Full-Text Indexing in NebulaGraph 2.0

1. Introduction

NebulaGraph 2.0 supports full-text indexing by using an external full-text search engine. To understand this new feature, let's review the architecture and storage model of NebulaGraph 2.0.

1.1 Architecture of NebulaGraph

Architecture of NebulaGraph Storage

As shown in the preceding figure, the Storage Service is composed of three layers. The bottom one is the Store Engine. It is a standalone local store engine, supporting get, put, scan, and delete operations on local data. The associated interfaces are in the kvstore/KVEngine.h file. Users can customize the local store plugins to meet their own needs. Currently, NebulaGraph provides a RocksDB-based store engine.

Above the local store engine, the consensus algorithm of multi-group Raft is implemented. With this implementation, each partition corresponds to one raft group, where partition is a data shard in NebulaGraph. Hash based sharding is used in NebulaGraph. For more information about how the hash functions work, see the 1.2.1 Data Storage in NebulaGraph. To create a graph space in NebulaGraph, the number of partitions is required and it cannot be changed after creation. The number of partitions must meet your needs of business expansion.

The top layer is the storage interfaces. A set of graph-related APIs are implemented in this layer. The API requests are translated into a set of KV operations on the corresponding partitions. This layer makes our storage service a real graph storage. Without it, the Storage Service of NebulaGraph is just a KV storage solution. In NebulaGraph, the KV storage is not provided as a separate service. The main reason is that a lot of computations are required to execute a WHERE clause and the schema of a graph is needed for the computations, but the schema is not implemented in the KV store layer. The design implemented in NebulaGraph makes computation pushdown easier.

1.2 Storage of NebulaGraph

In NebulaGraph 2.0, the storage structure containing vertices, edges, and indexes is improved. Now let's review the storage structure of NebulaGraph 2.0, which could help you understand the implementation of data scanning and index scanning in NebulaGraph 2.0.

1.2.1 Data Storage in NebulaGraph

NebulaGraph stores vertices and edges based on the key-value storage model. In this section, the storage structure of the keys is introduced. The keys are composed of the following items:

  • Type: One byte. It represents the key type, such as vertex, edge, index, or system.
  • PartID: Three bytes. It represents a partition. This field makes it easy to scan the entire partition data based on the prefix when the partition is re-balanced.
  • VertexID: n bytes. For an outgoing edge, it represents the ID of the source vertex. For an incoming edge, it represents the ID of the destination vertex.
  • Edge Type: Four bytes. It represents the type of an edge. If it is greater than 0, the edge is outgoing.
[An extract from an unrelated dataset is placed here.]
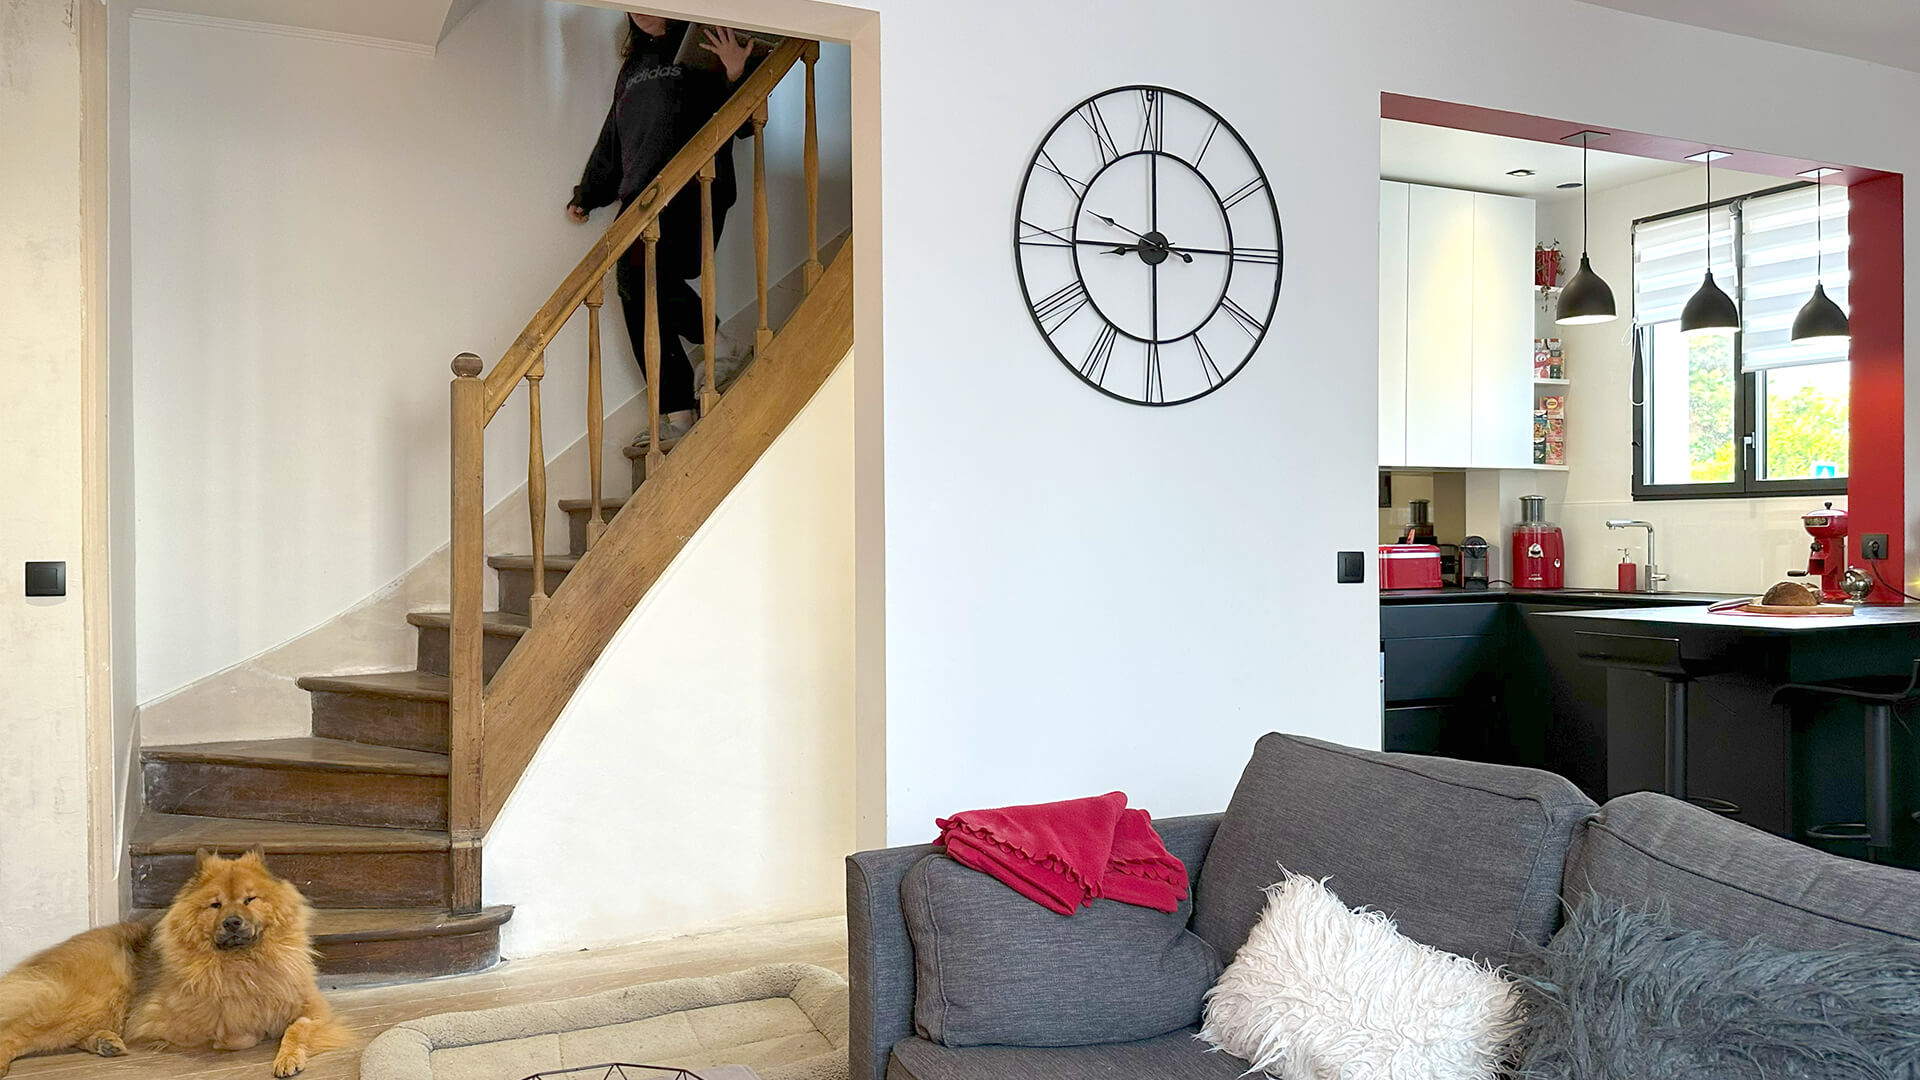 Intérieur moderne avec escalier en bois, grand horloge murale, salon et cuisine rouge.

If it is less than 0, the edge it incoming.
  • Rank: Eight bytes. It is used to identify edges of the same edge type and with the same source and destination vertices. Users can use it to represent their own business attributes such as transaction time, transaction serial number, or a sorting weight.
  • PlaceHolder: One byte. It is invisible to users now. In the future, it will be used when we implement the distributed transaction.
  • TagID:Four bytes. It represents the type of a tag.
1.2.1.1 Vertex Key Format
Type (1 byte) PartID (3 bytes) VertexID (n bytes) TagID (4 bytes)
Edge Key Format
Type (1 byte) PartID (3 bytes) VertexID (n bytes) EdgeType (4 bytes) Rank (8 bytes) VertexID (n bytes) PlaceHolder (1 byte)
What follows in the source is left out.